La loi organique du 6 décembre 2013 fixe ce délai à 6 mois mais ne précise pas quelle forme doit prendre « l'examen » bien qu'un tel « examen » constaté met fin à la procédure, ce qui signifie pas de référendum.
Cette question a été traitée par le Conseil constitutionnel en décembre 2014 se prononçant sur des modifications du règlement de l'Assemblée nationale.
Le Conseil constitutionnel a jugé la rédaction nouvelle de l'article 124-4 contraire à la Constitution et commente ainsi sa décision : « Dès lors, en supprimant toute faculté de déposer, de discuter et d'adopter une motion de renvoi en commission, le nouvel article 124-4 du règlement produirait un effet considérable : toute inscription à l'ordre du jour de l'Assemblée nationale d'une proposition de loi ayant recueilli le soutien d'un dixième des électeurs inscrits sur les listes électorales conduirait inéluctablement à l'examen du texte au sens du cinquième alinéa de l'article 11 de la Constitution. L'Assemblée nationale perdrait, ce faisant, la faculté qu'elle avait, à la majorité de ses membres, d'obtenir l'organisation du référendum en refusant d'examiner le texte. ».

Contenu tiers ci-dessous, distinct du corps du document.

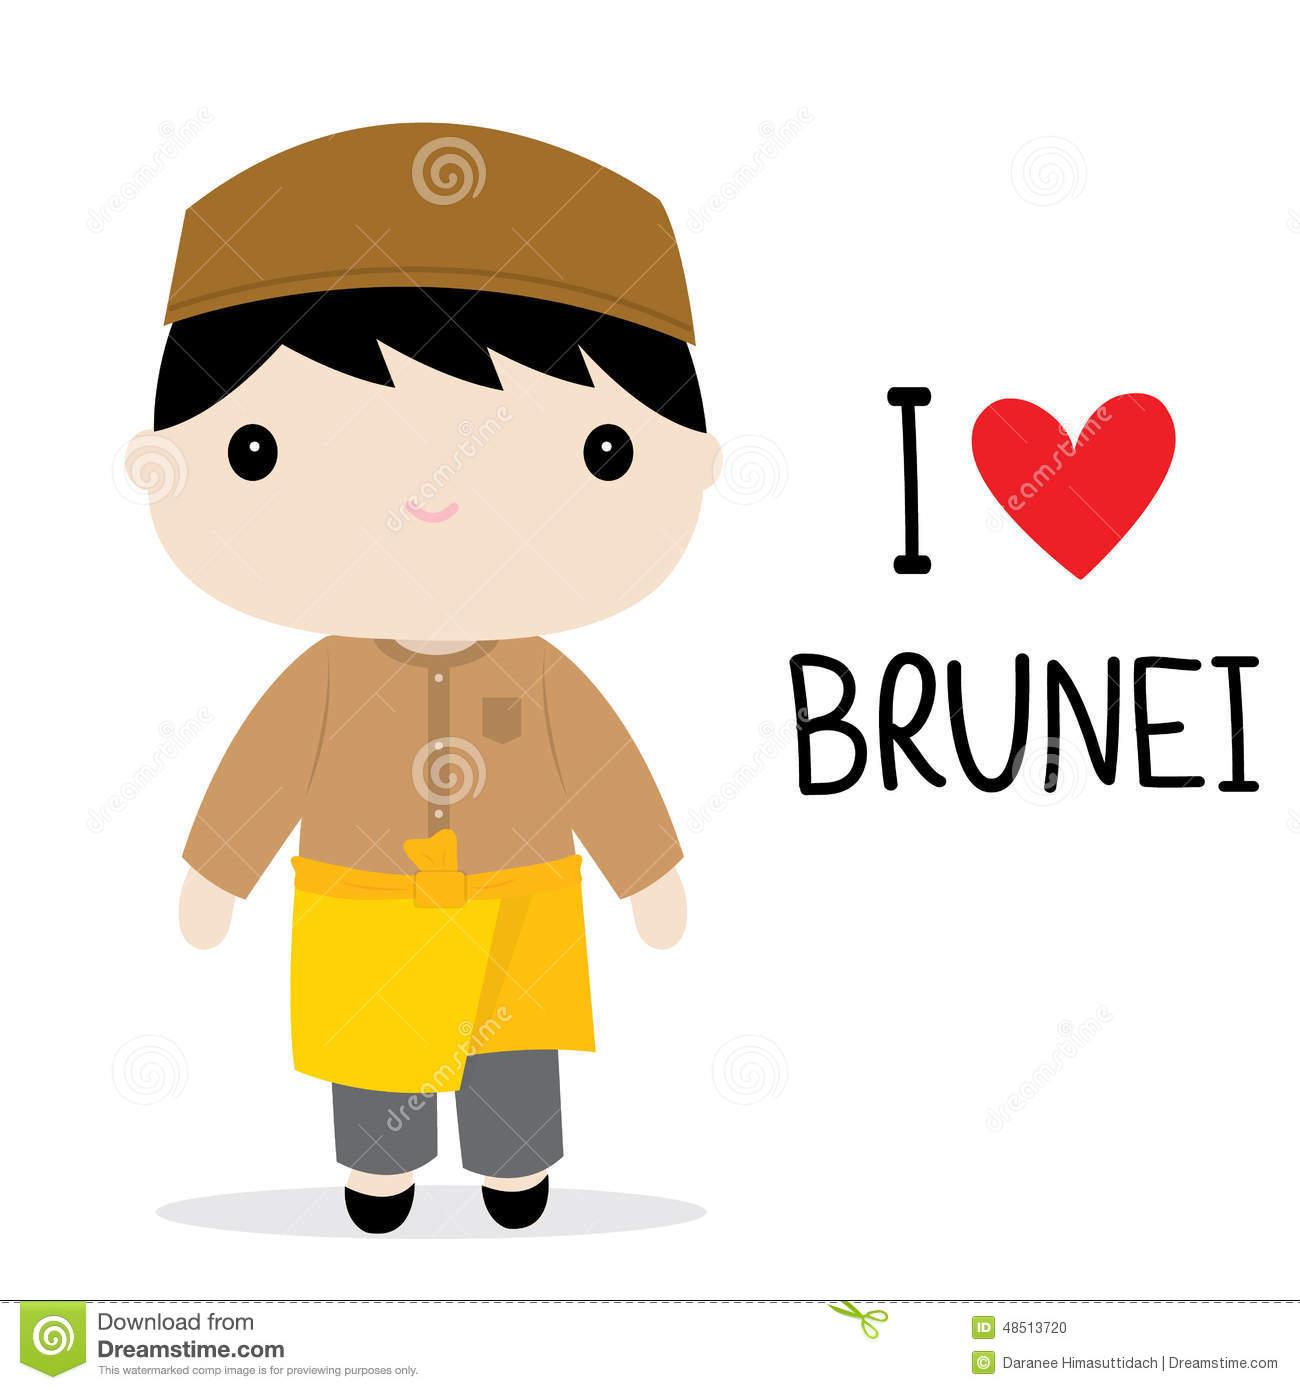 Brunei Men National Dress Cartoon Vector Stock Vector.
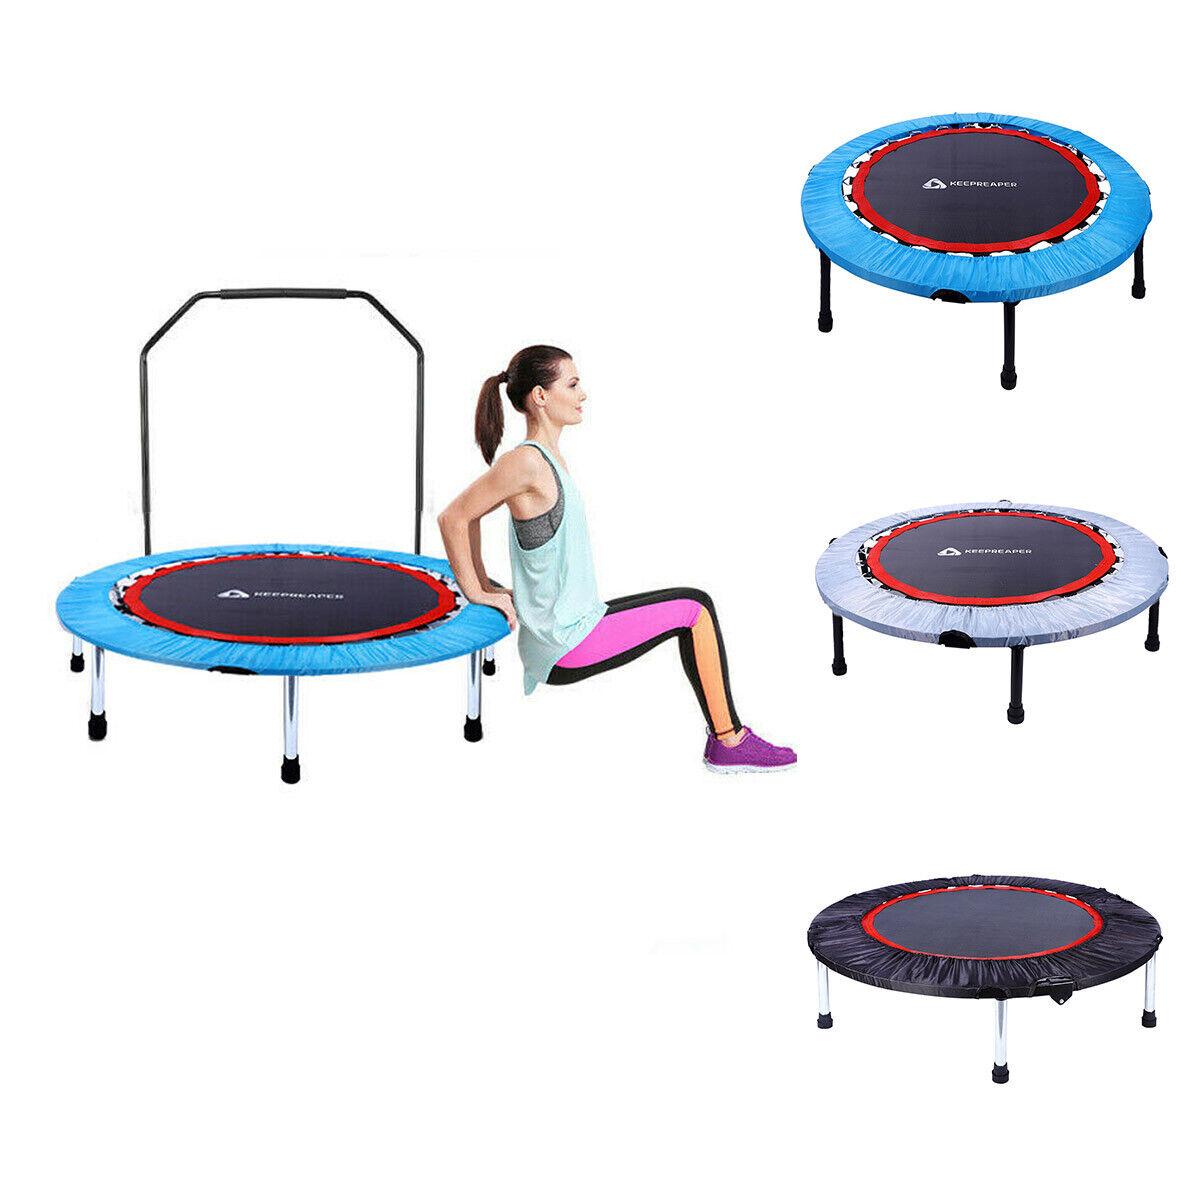 "40"" Mini Rebounder Trampoline Exercise Fitness Gym Jump Trai"

On voit qu'une motion de renvoi en commission vaut clairement refus d'examen....à condition que cette motion recueille une majorité de voix.
Sans entrer dans les détails, on doit aussi signaler que le règlement intérieur du Sénat n'est pas conforme à la décision du Conseil constitutionnel s'agissant de la motion de renvoi, une mise à jour s'impose d'urgence....
A l'évidence, le nombre de soutiens recueillis pour l'initiative référendaire, au-delà du seuil légal, jouera un rôle considérable face aux arguties juridiques gouvernementales et à l'attitude des parlementaires notamment des sénateurs, la date butoir se situant en pleine campagne électorale des municipales.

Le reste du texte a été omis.